Economic Diversification Roadmap: Smart Planning & Development in Southwest Michigan (Case Study)

The 52-year-old Palisades Nuclear Power Plant, located in Van Buren County on the scenic shores of Lake Michigan, formally closed in May of 2022 and was sold to the nuclear decommissioning company Holtec. First announced for a 2018 closure, the Palisades decision was amended, extending its operation until 2022. As Palisades provided approximately 600 well-paying jobs and served as one of the largest taxpayers in Van Buren County, the plant closure announcement led key partners and stakeholders across Southwest Michigan to jolt into action to plan for the closure impacts on the regional economy.

An aerial image of Palisades Nuclear Plant on the shores of Lake Michigan.
Palisades Nuclear Plant on the shores of Lake Michigan

We knew that planning needed to happen,” said John Egelhaaf, Executive Director of the Regional Economic Development District: Southwest Michigan Planning Commission (SWMPC). While the negotiated closure timeline extension gave the region and its communities a brief exhale of relief, the newly developed Nuclear Closure Communities (NCC) program of the U.S Economic Development Administration (EDA) emerged as a strategic and timely avenue for SWMPC and partners such as Market Van Buren (the economic development organization for Van Buren and Cass Counties) to prepare for economic resilience and recovery before the plant closed.

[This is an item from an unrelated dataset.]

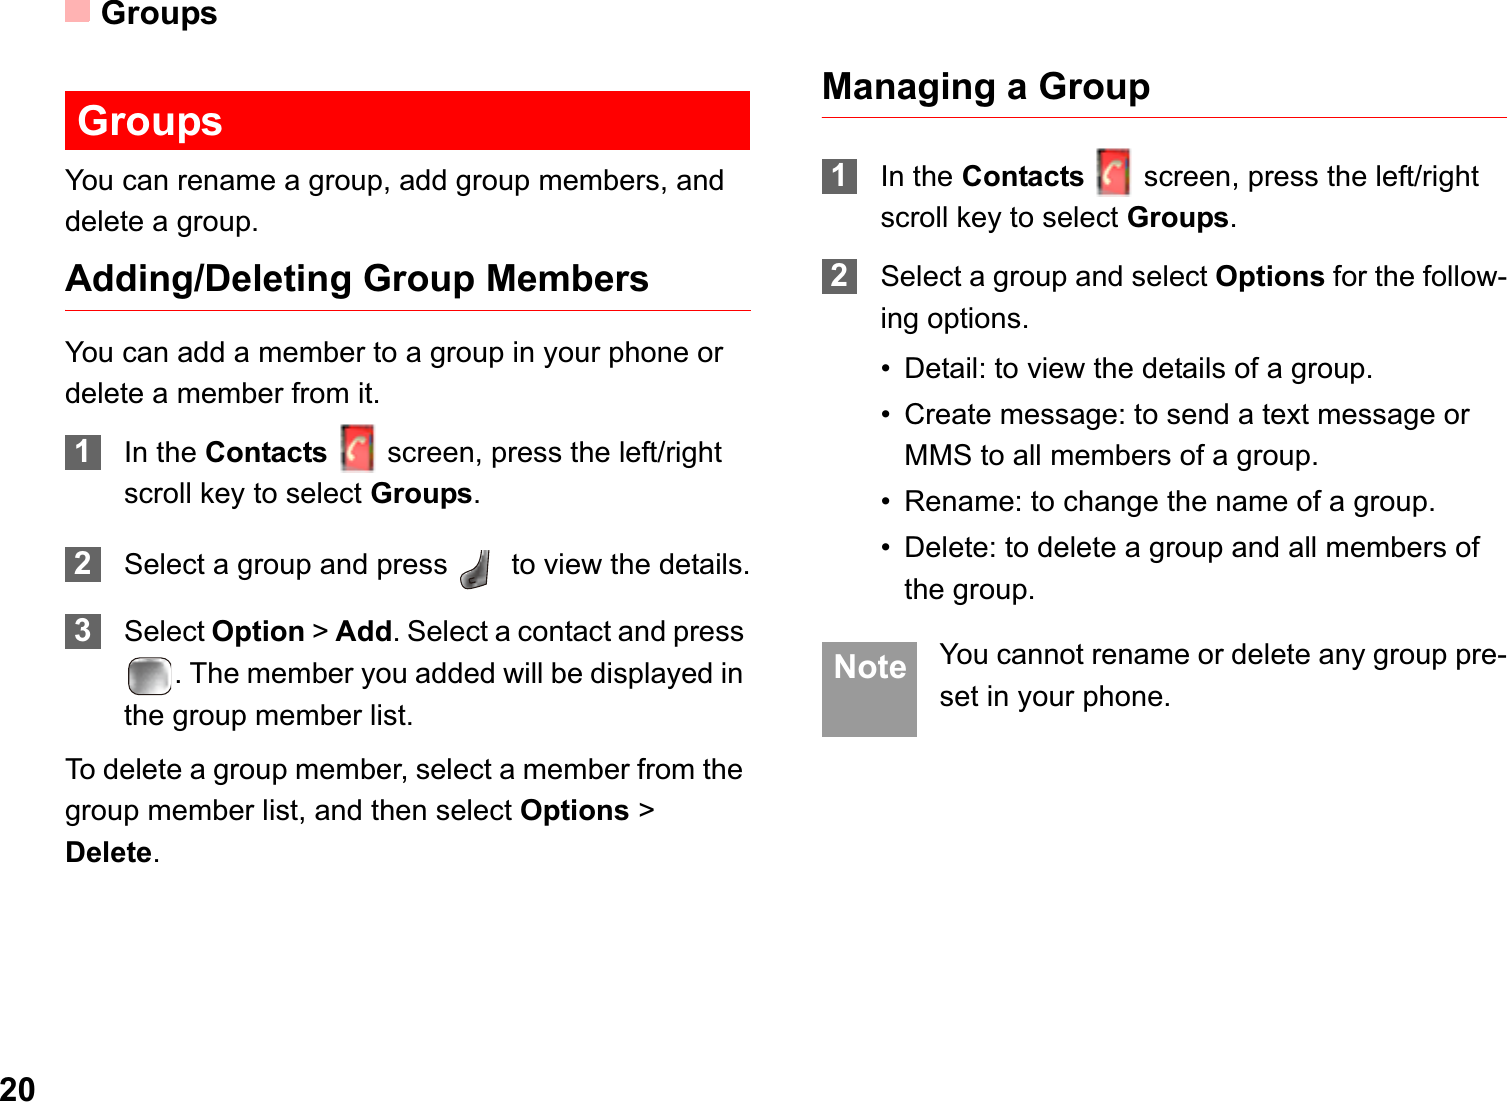 Groups20GroupsYou can rename a group, add group members, and delete a group.Adding/Deleting Group MembersYou can add a member to a group in your phone or delete a member from it.1In the Contacts screen, press the left/right scroll key to select Groups.2Select a group and press   to view the details.3Select Option &gt;Add. Select a contact and press . The member you added will be displayed in the group member list.To delete a group member, select a member from the group member list, and then select Options &gt; Delete.Managing a Group1In the Contacts screen, press the left/right scroll key to select Groups.2Select a group and select Options for the follow-ing options.• Detail: to view the details of a group.• Create message: to send a text message or MMS to all members of a group.• Rename: to change the name of a group.• Delete: to delete a group and all members of the group. Note You cannot rename or delete any group pre-set in your phone.

Through the EDA NCC funding program, a federal grant of nearly $970,000 was awarded in June of 2021 to SWMPC, and a collaborative of partners including Market Van Buren (Kinexus Group), the University of Michigan Economic Growth Initiative, and the State of Michigan Department of Treasury—to support the Palisades Closure Recovery Strategy Initiative. The Michigan Department of Treasury’s Energy Transition Impact Project (ETIP) provided supportive match funding of over $242,000 for the initiative. The Palisades Closure Recovery Strategy was designed as a three-year, multi-phase effort to 1) gather and analyze data on the impacts of the plant closure; 2) develop an assessment of data findings and weave them into a ‘story of closure’ and; 3) turn the assessment closure story into an action strategy with identified action steps to respond to impacts and pursue new opportunities. Community engagement and transparency with the public, including media interaction and social media presence, were central to the project kickoff phase to “build a scaffolding on the front end” for the plan and will continue to serve as a core pillar throughout the project, John Egelhaaf highlighted. “We wanted to make sure we are as accessible as we possibly can be.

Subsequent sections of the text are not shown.